/modular_rl

Implementation of TRPO and related algorithms

Primary LanguagePythonMIT LicenseMIT

This is not my code. This is from John Schulman's modular_rl. I made minor changes and added some files to make things easier.

Getting started

Packages for modular rl:

virtualenv env
source env/bin/activate
pip install numpy tabulate scipy sklearn
pip install keras==1.0.1
pip install theano==0.8.2

Gym + optional mujoco-py if you don't already have it:

git clone git@github.com:openai/gym.git
cd gym
pip install -e .
pip install mujoco-py==0.5.7

If you would like to use mujoco-py make sure that you have mujoco 131 installed with a valid license.

Run this to make sure it's working:

KERAS_BACKEND=theano python ./run_pg.py --env HalfCheetah-v1 --agent modular_rl.agentzoo.TrpoAgent

When you run this, a new directory will be created in data/IDENTIFIER/. Each iteration, it will save weights.pkl, which contains the network weights/biases, and stats.pkl, which contains mean/std for inputs.

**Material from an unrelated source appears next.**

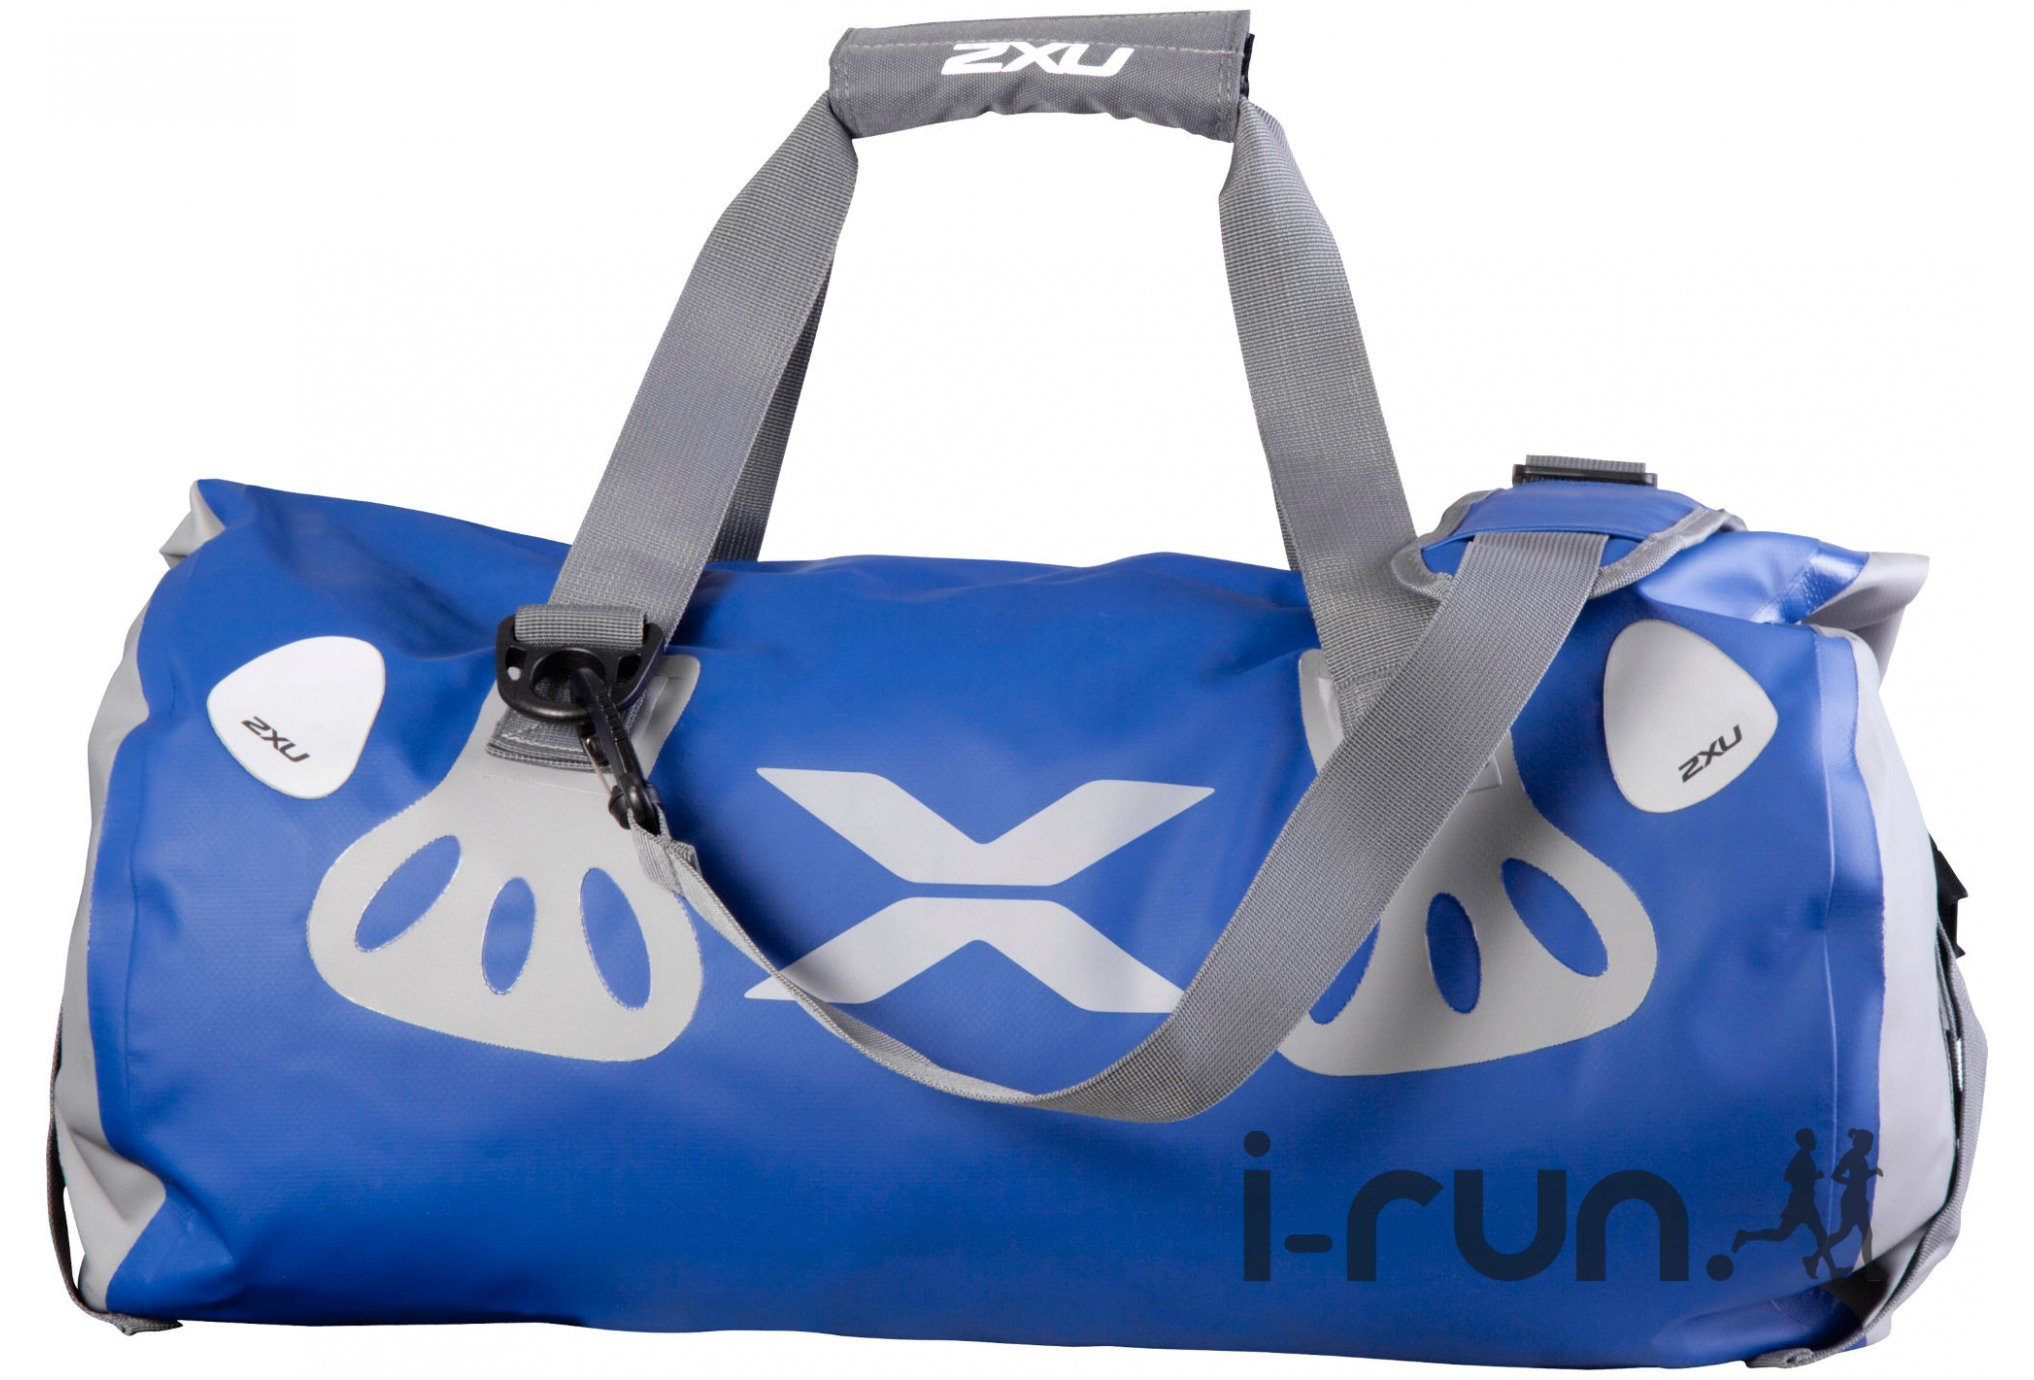 2XU Sac de sport Seamless Waterproof Sac de sport
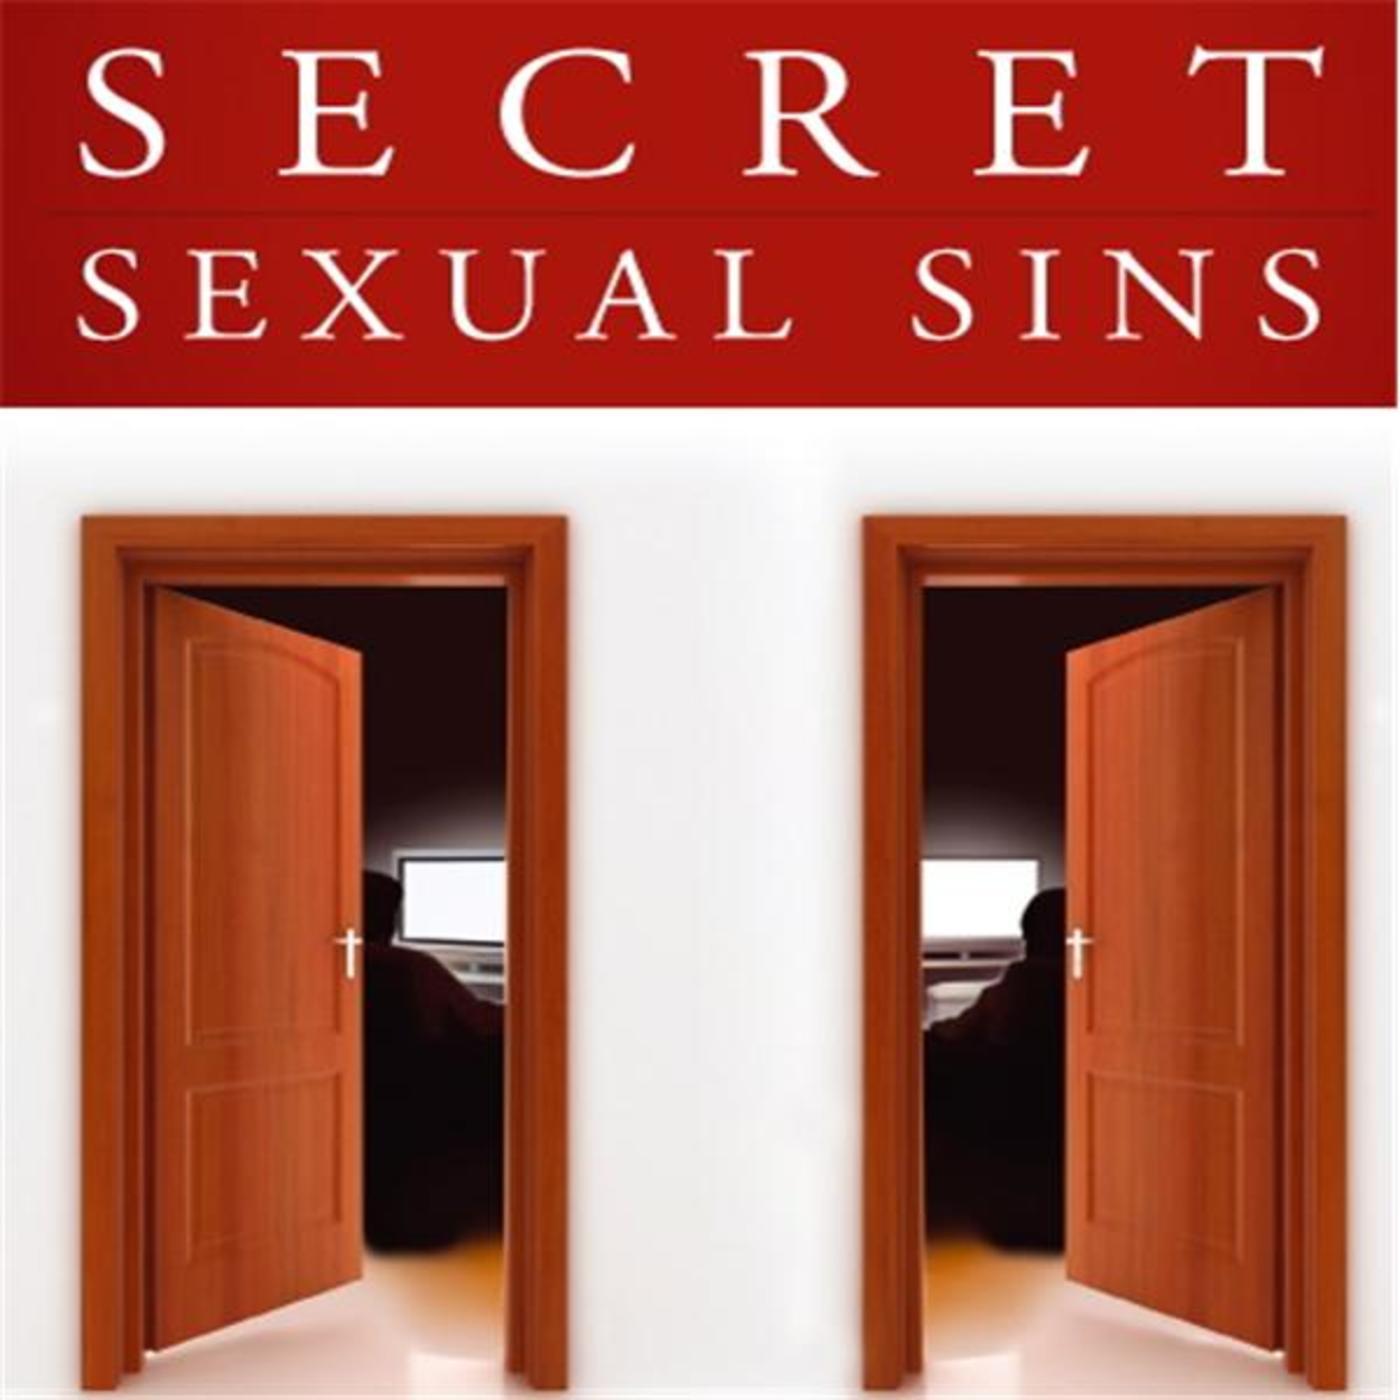 Secret Sexual Sins

Once that's finished, you can check to see that everything was saved properly by running

python test.py --ident IDENTIFIER

Replace IDENTIFIER with your randomly generated identifier. Feel free to look through test.py and knet.py to see how to load the policies.

This code requires fairly specific package versions. If you only care about getting a policy and not modifying/analyzing the RL part, then the best thing to do is run the code in this env and then copy the weights/stats to your project and use your own project's env. The reason that I recommend this is that this version of Keras is very outdated.